_WORK TO BE COMPLETED_.
What must be handed in is the entire listing, exactly as written, with no pictures.

_TASK INPUTS_.

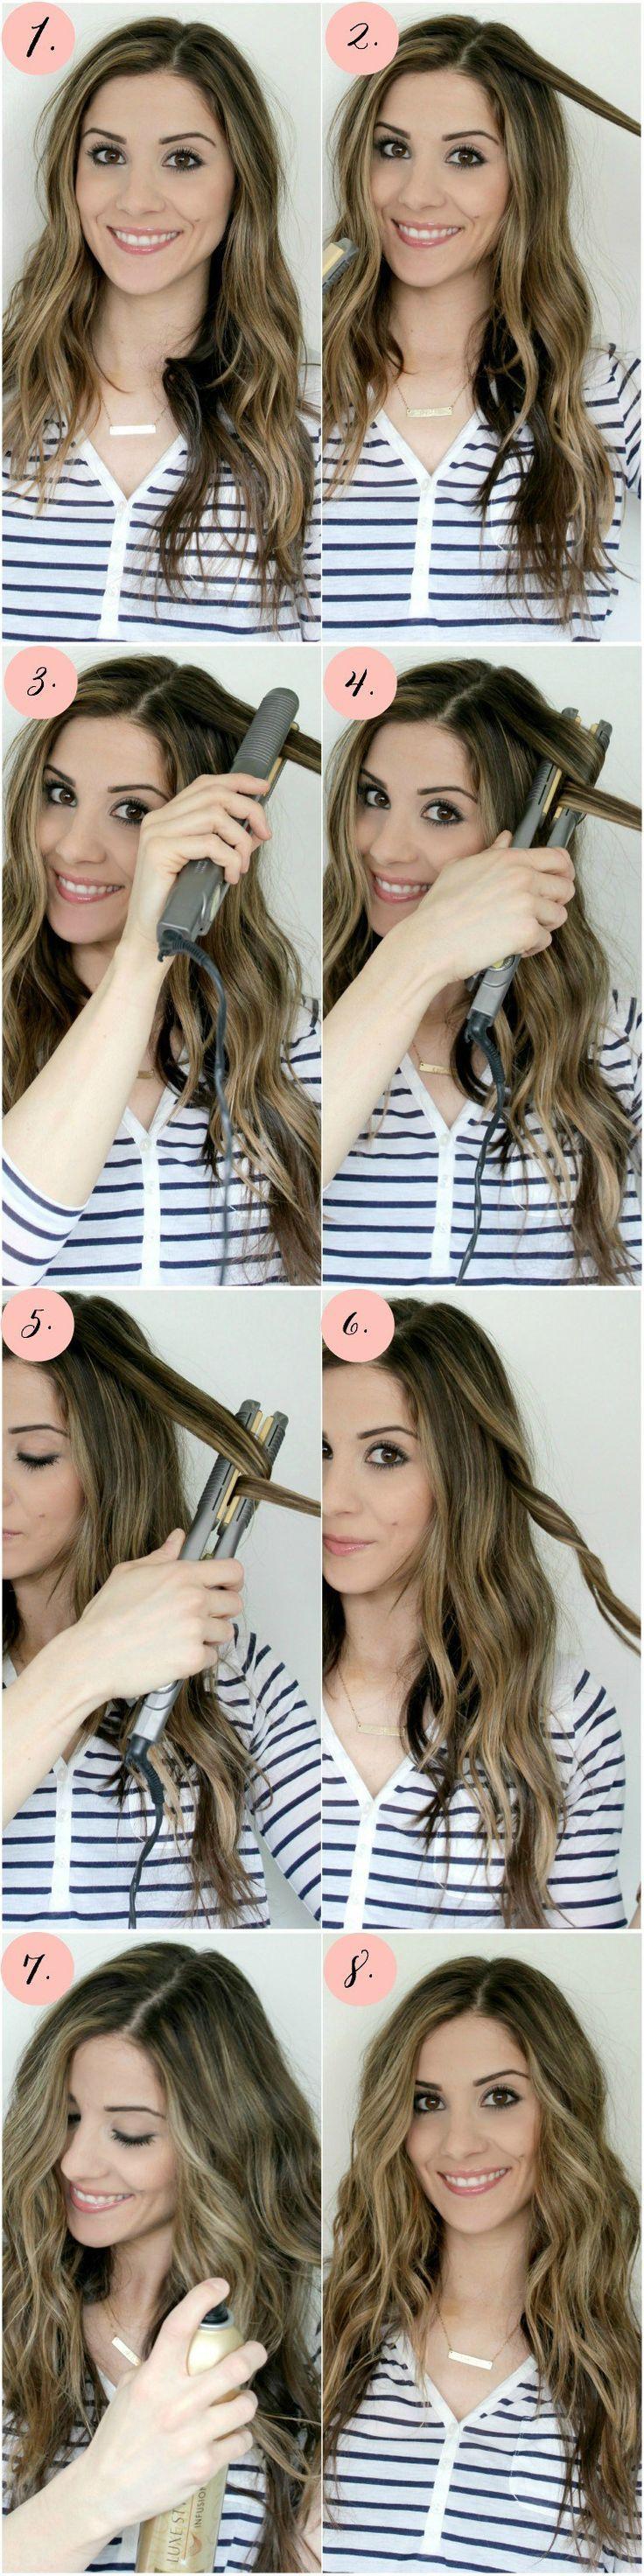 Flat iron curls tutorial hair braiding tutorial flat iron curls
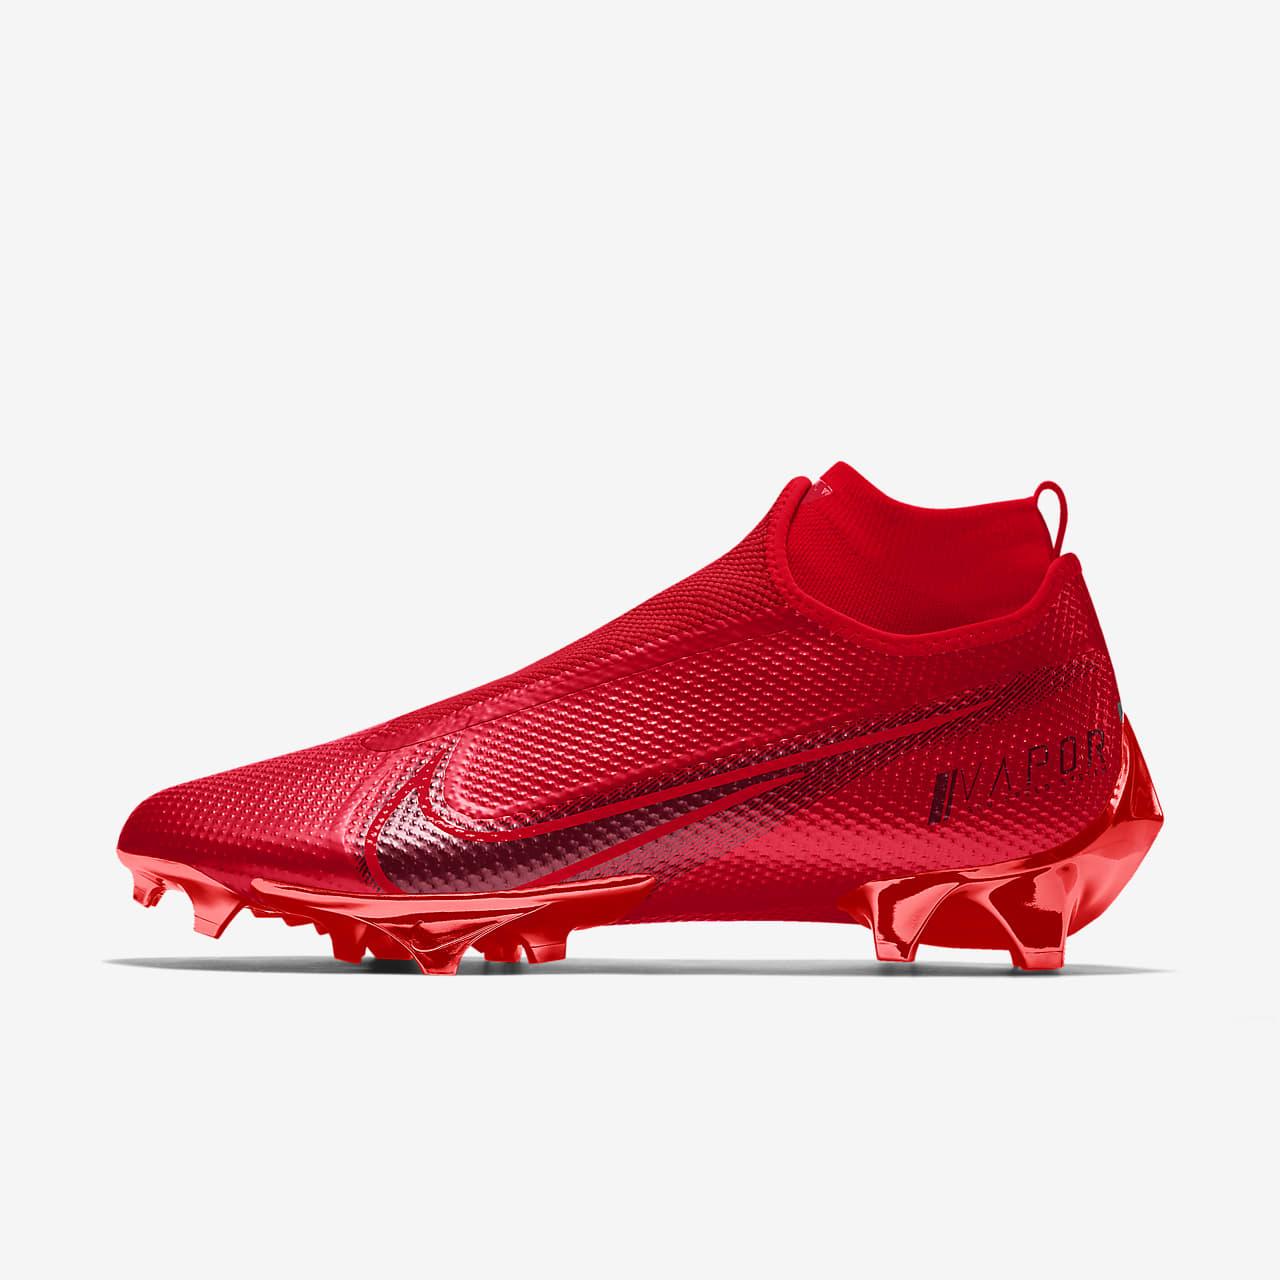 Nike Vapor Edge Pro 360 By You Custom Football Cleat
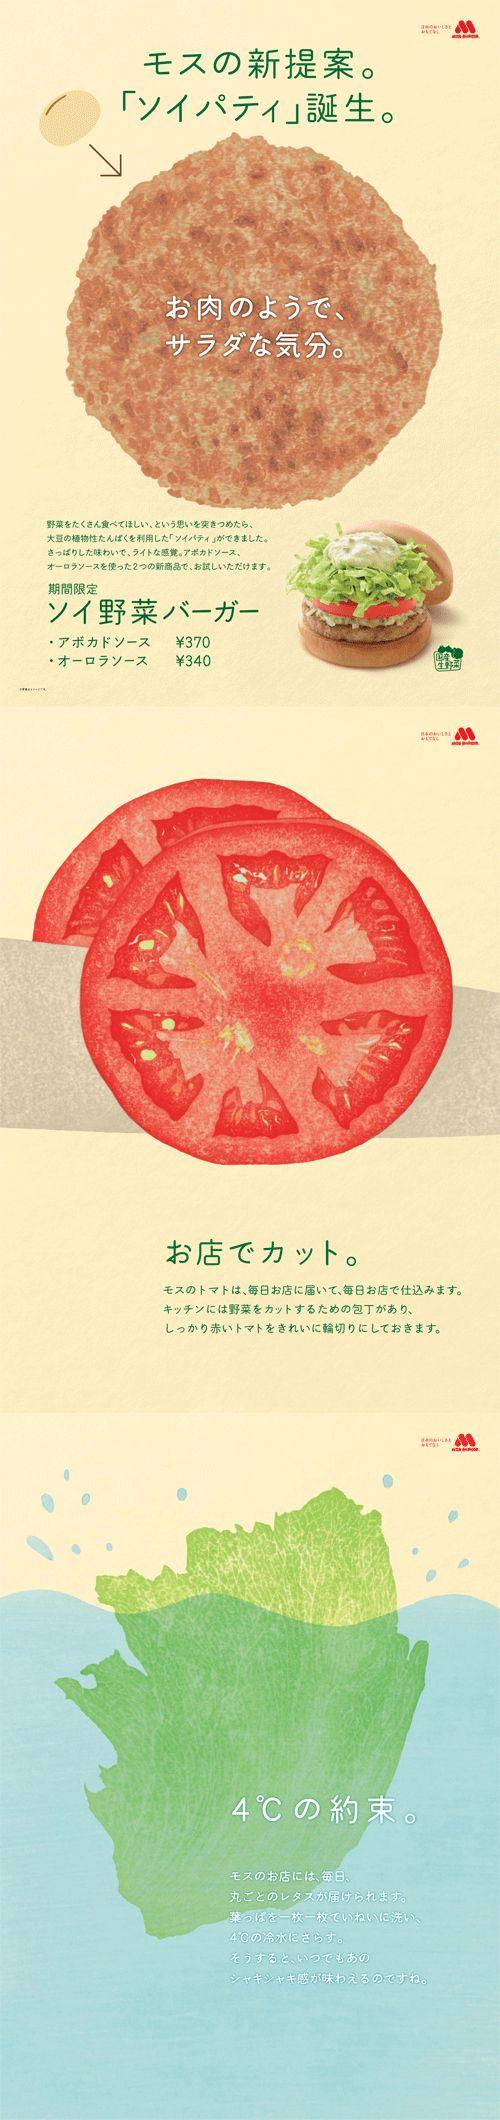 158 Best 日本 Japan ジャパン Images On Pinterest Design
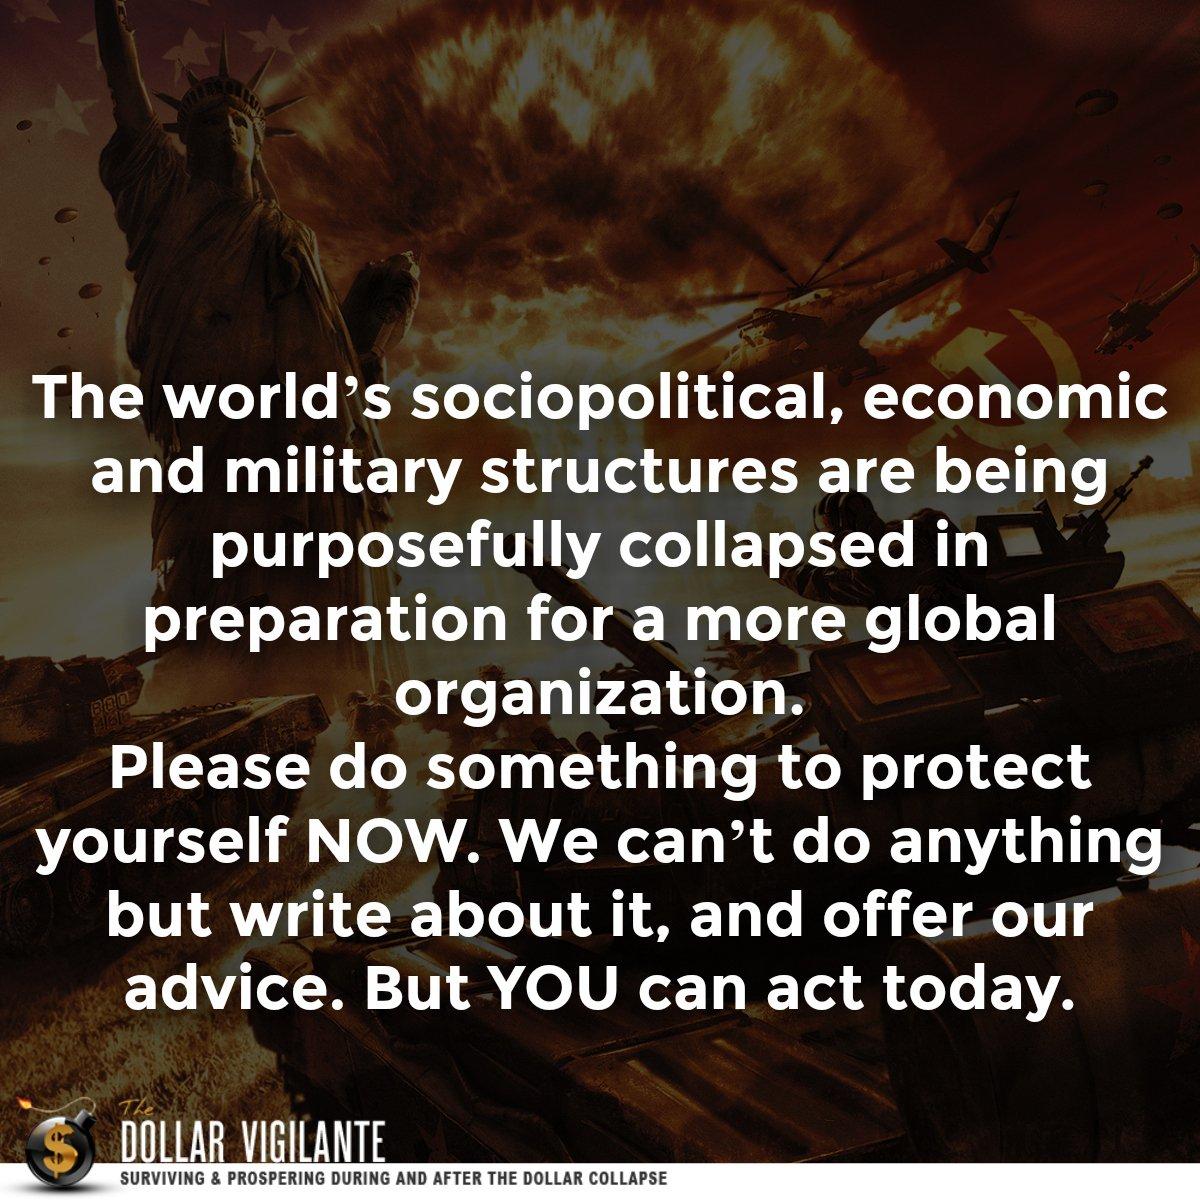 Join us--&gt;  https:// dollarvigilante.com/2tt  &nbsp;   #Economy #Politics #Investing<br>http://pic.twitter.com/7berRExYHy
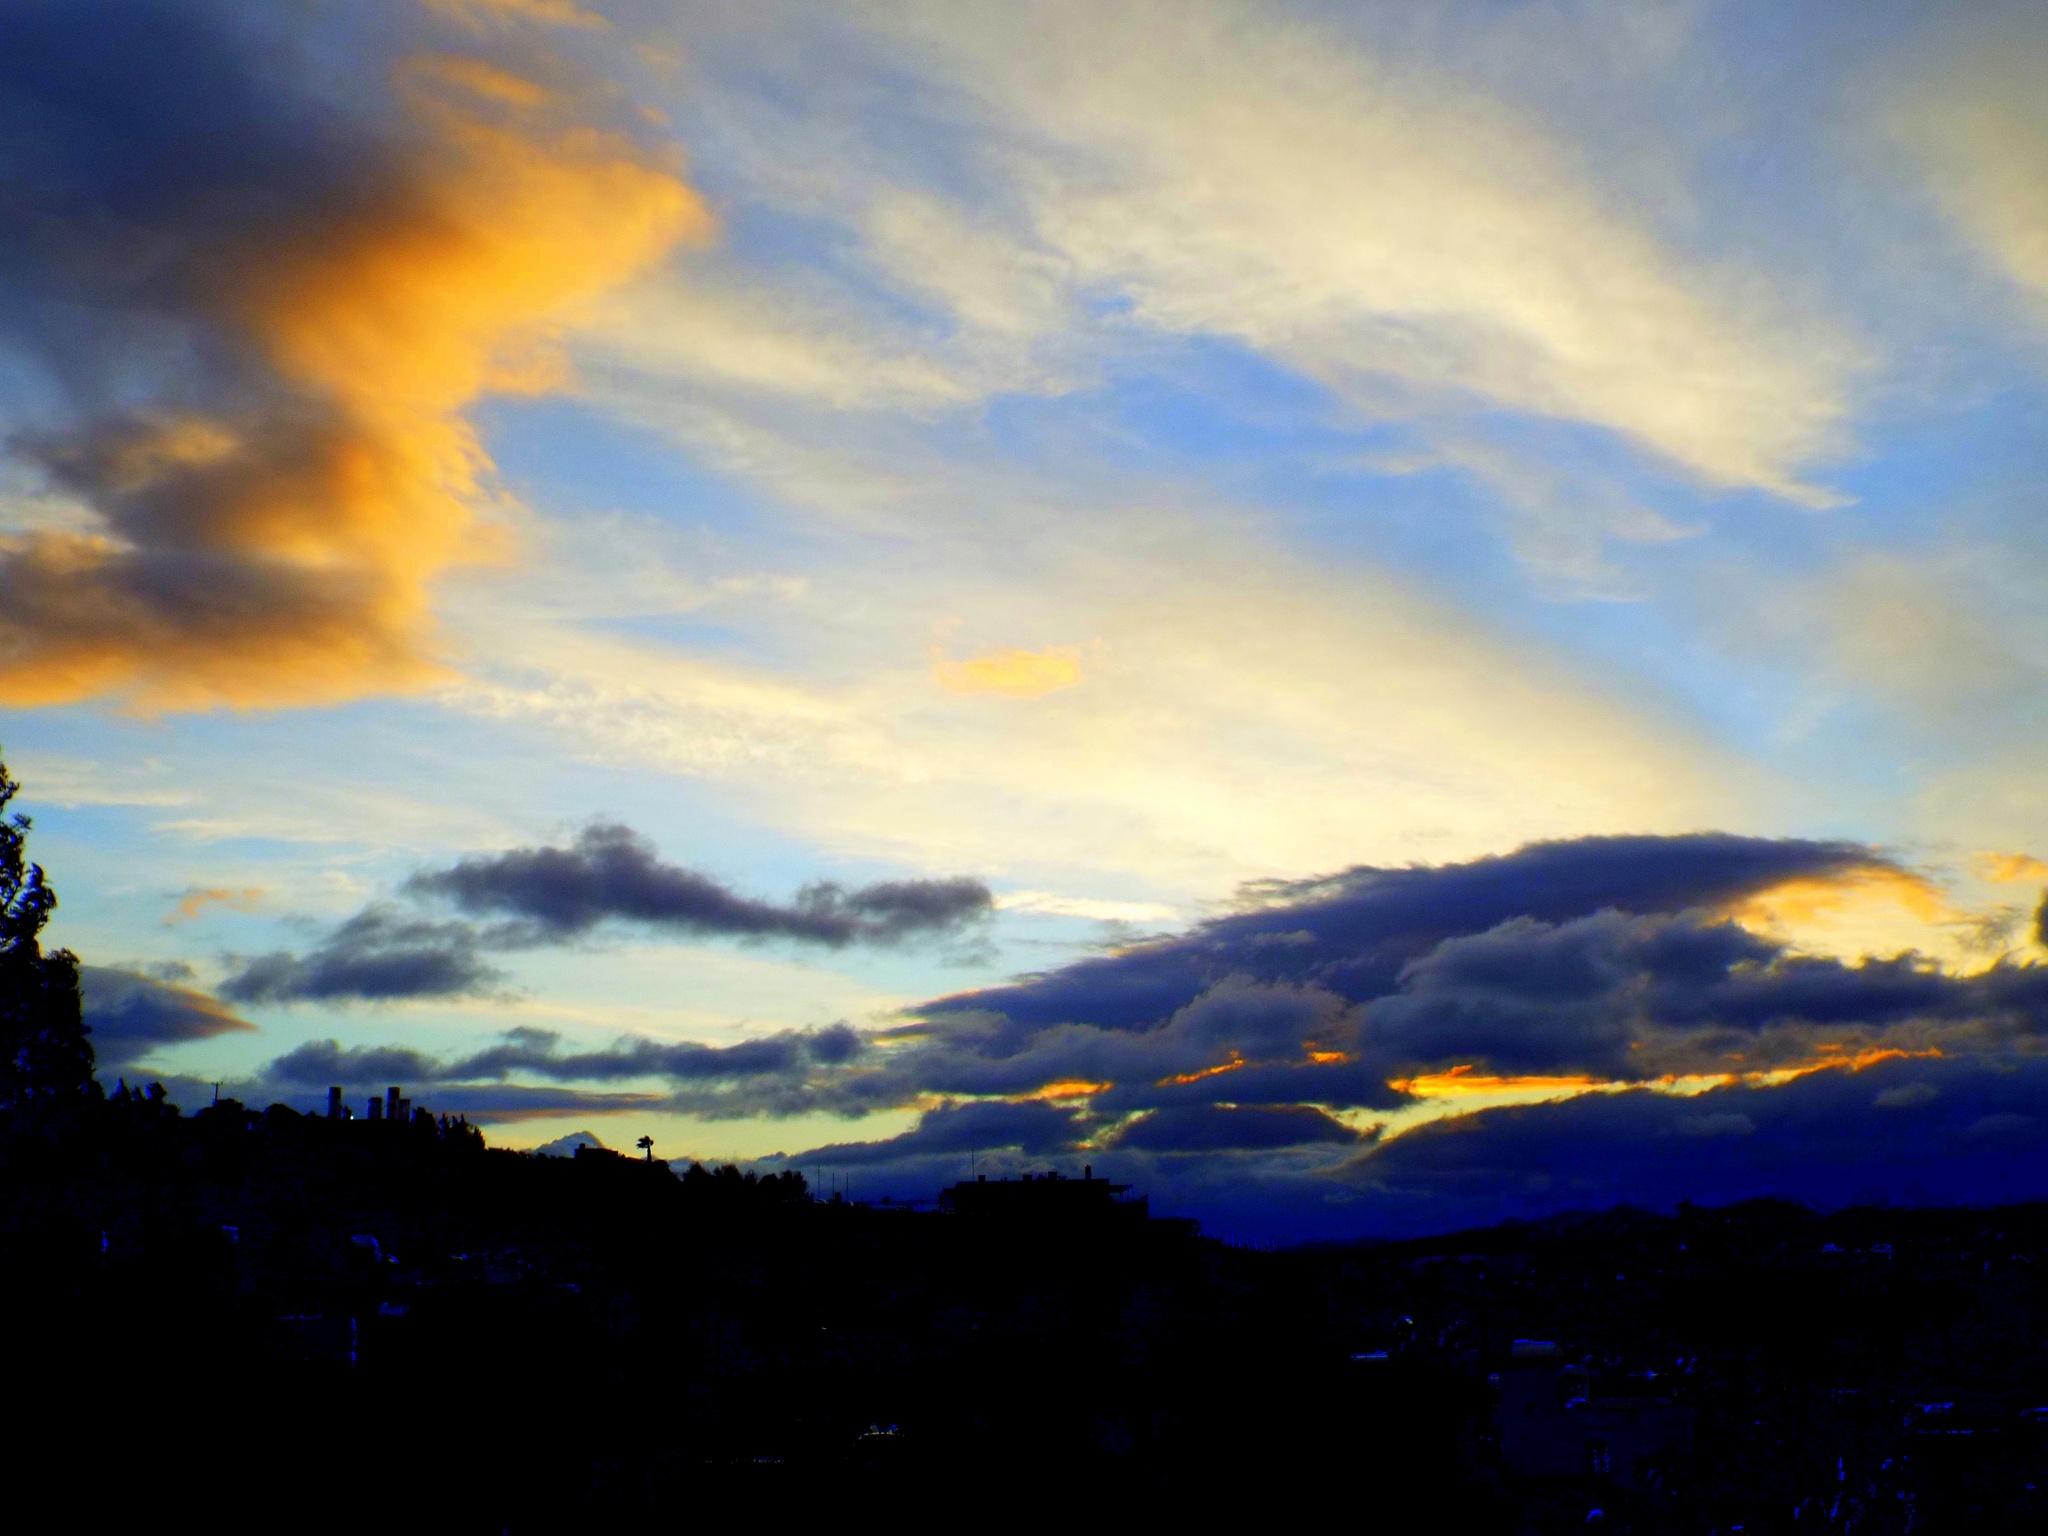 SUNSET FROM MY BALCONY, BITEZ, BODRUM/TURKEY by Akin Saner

_ANSWER BOX_.
 Flat iron curls tutorial hair braiding tutorial flat iron curls
 Nike Vapor Edge Pro 360 By You Custom Football Cleat
 158 Best 日本 Japan ジャパン Images On Pinterest Design
 Join us--&gt;  https:// dollarvigilante.com/2tt  &nbsp;   #Economy #Politics #Investing<br>http://pic.twitter.com/7berRExYHy
 SUNSET FROM MY BALCONY, BITEZ, BODRUM/TURKEY by Akin Saner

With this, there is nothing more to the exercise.